§ Prompt
Output only the lines that run from the line holding "BOXLIGHT CP-322I Regulatory" to the end of the data below, including both ends, without any pictures.

§ Collected data
=== Section Start ===

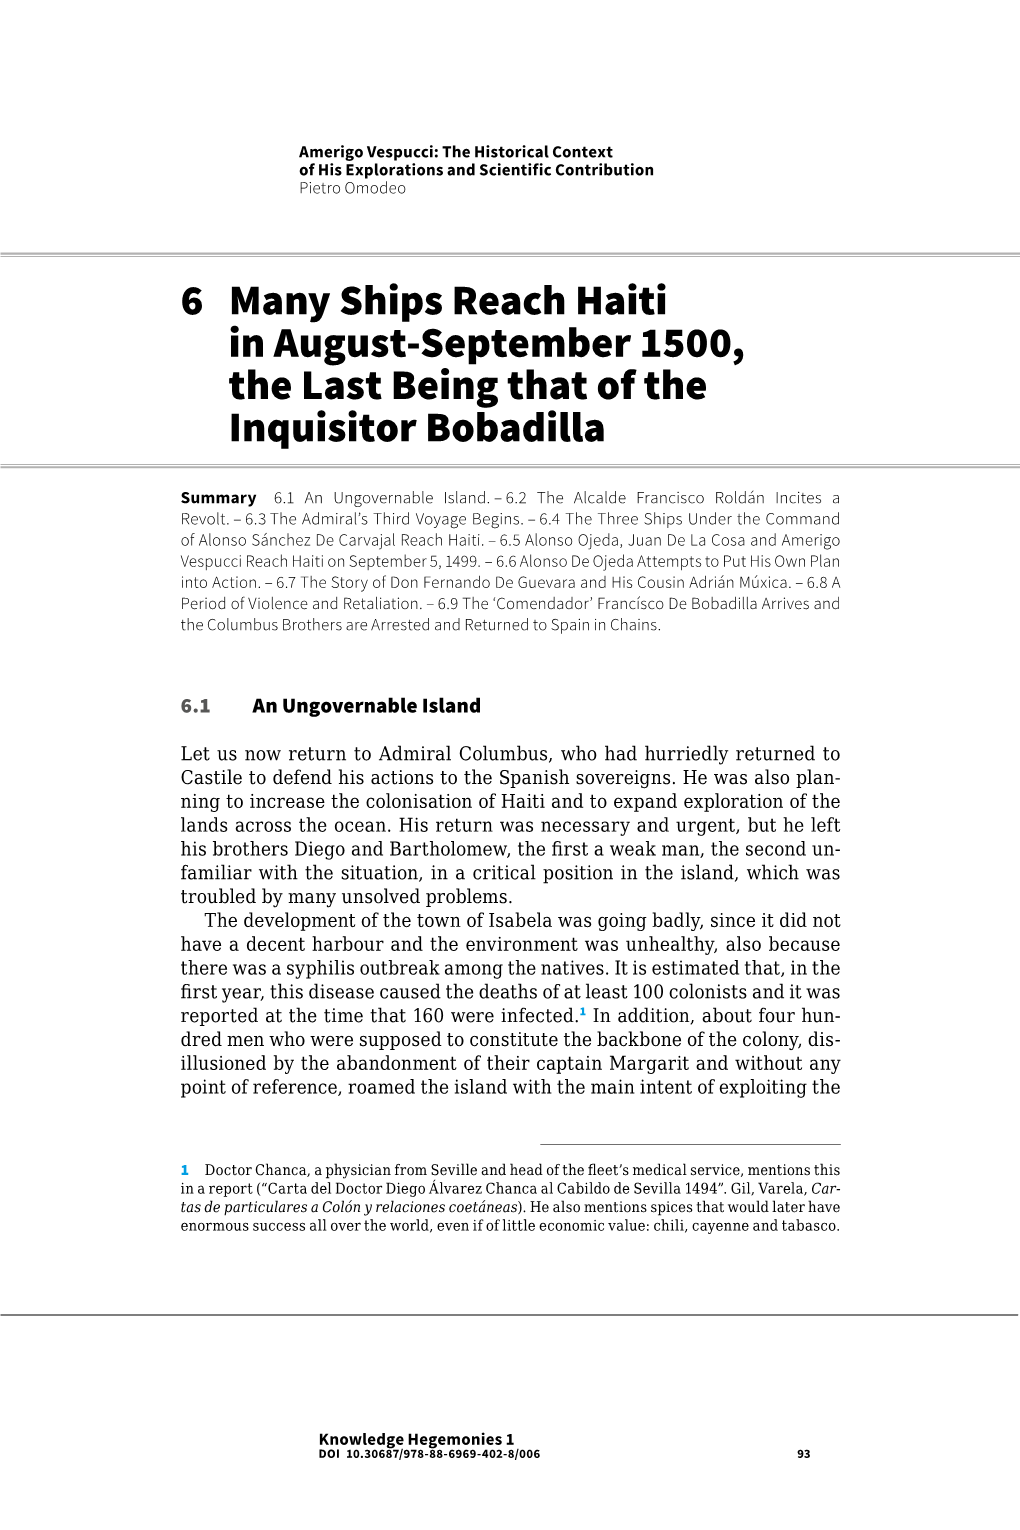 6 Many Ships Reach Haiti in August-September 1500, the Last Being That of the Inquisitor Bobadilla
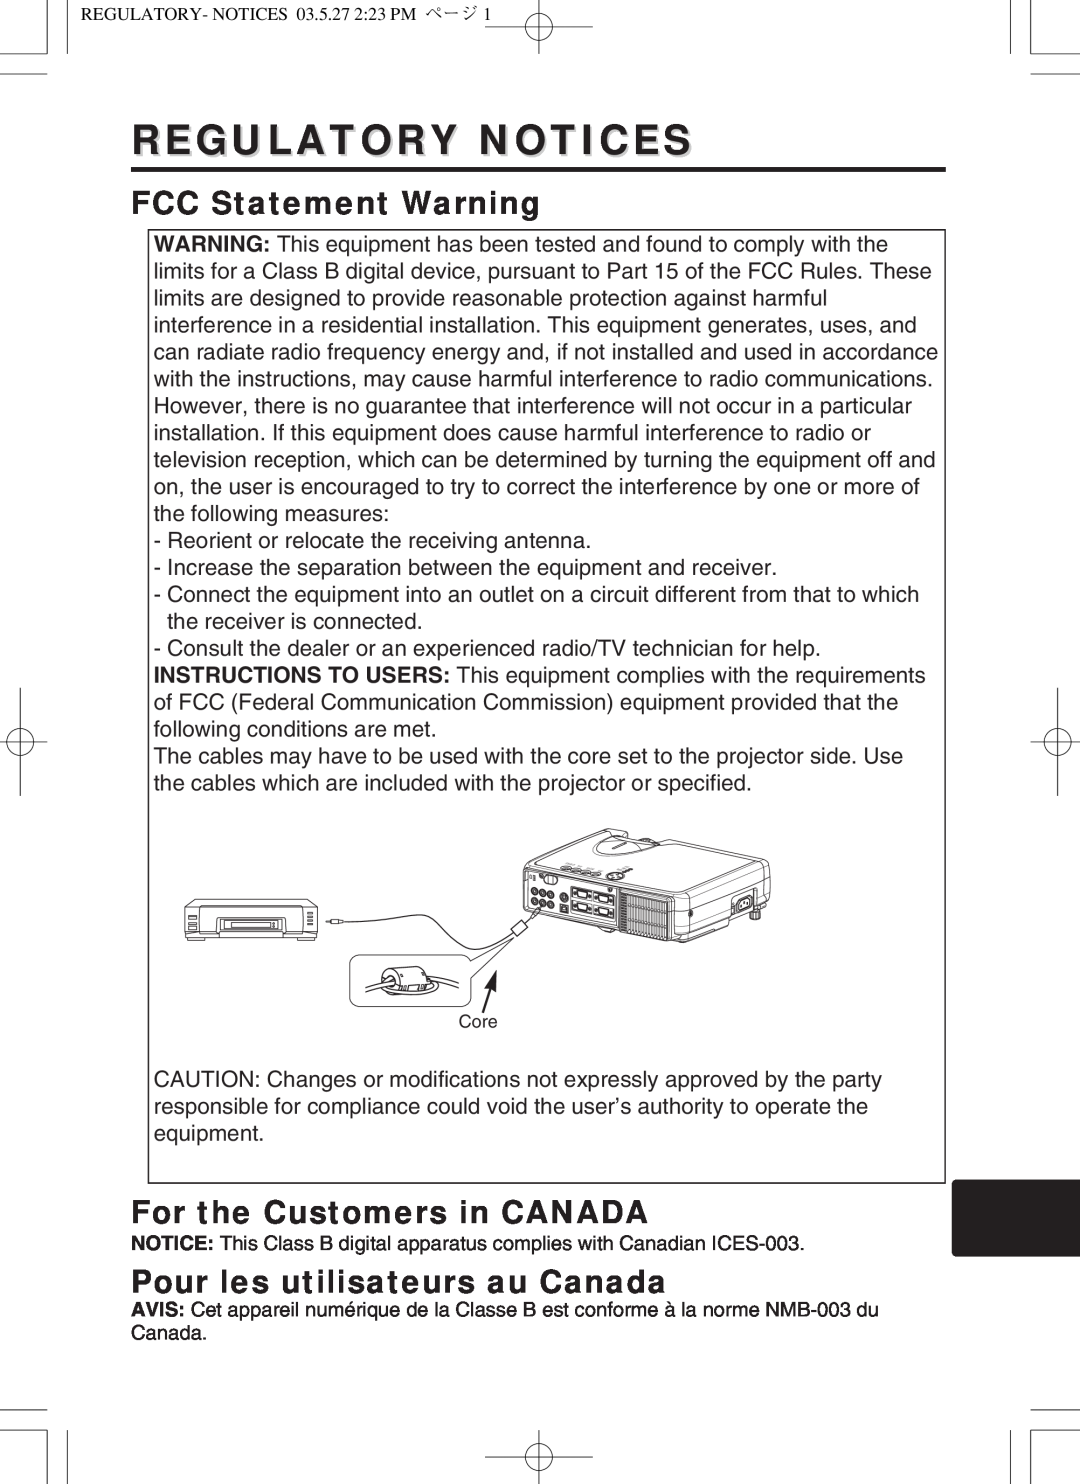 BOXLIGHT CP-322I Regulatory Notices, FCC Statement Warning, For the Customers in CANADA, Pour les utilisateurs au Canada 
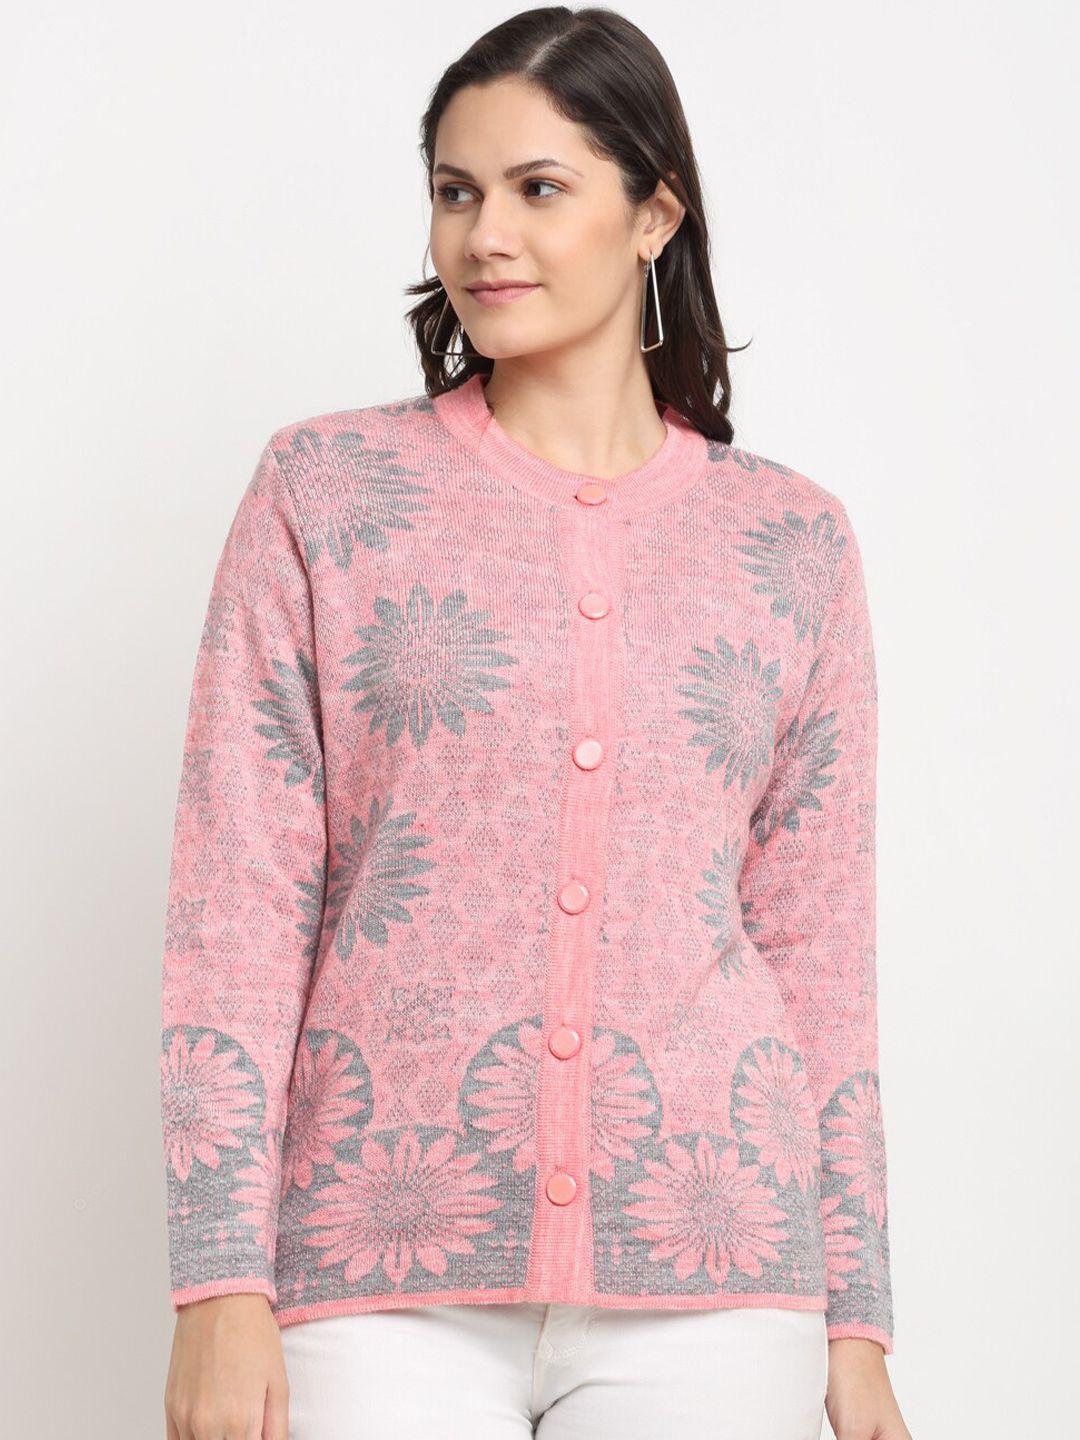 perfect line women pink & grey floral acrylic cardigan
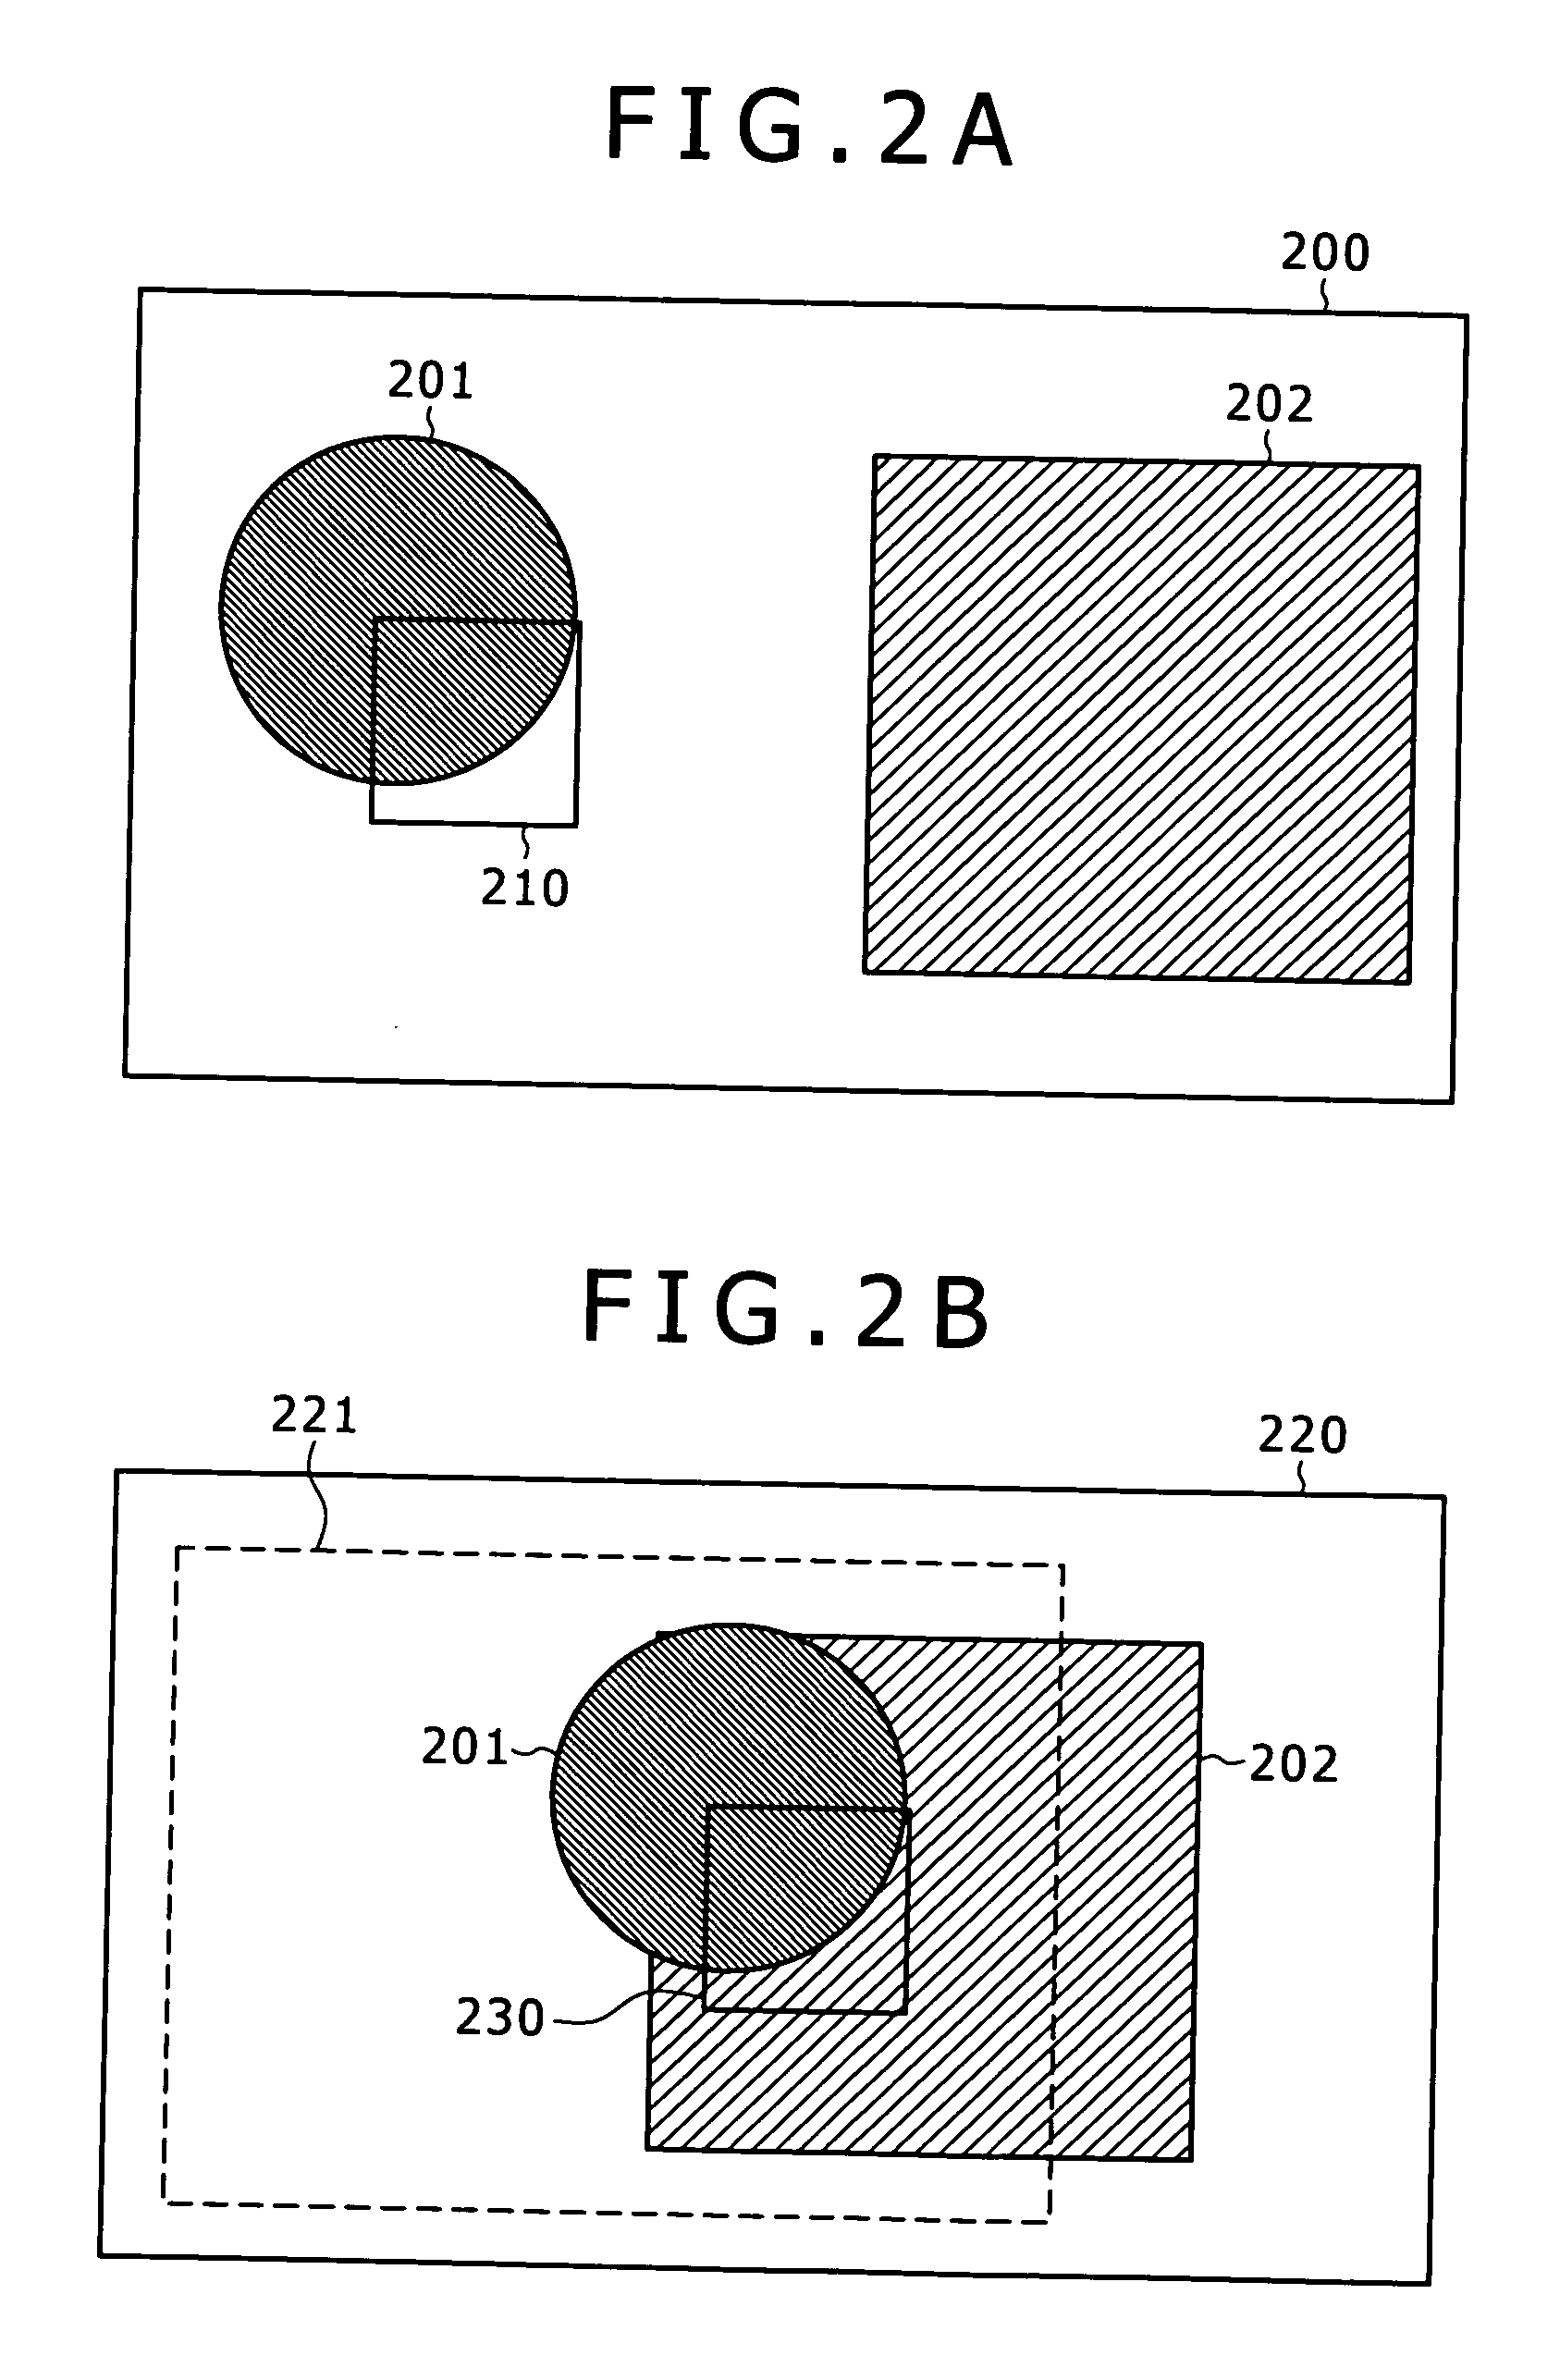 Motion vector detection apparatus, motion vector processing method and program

=== Section End ===

§ Task result
 BOXLIGHT CP-322I Regulatory Notices, FCC Statement Warning, For the Customers in CANADA, Pour les utilisateurs au Canada 
 perfect line women pink & grey floral acrylic cardigan
 Motion vector detection apparatus, motion vector processing method and program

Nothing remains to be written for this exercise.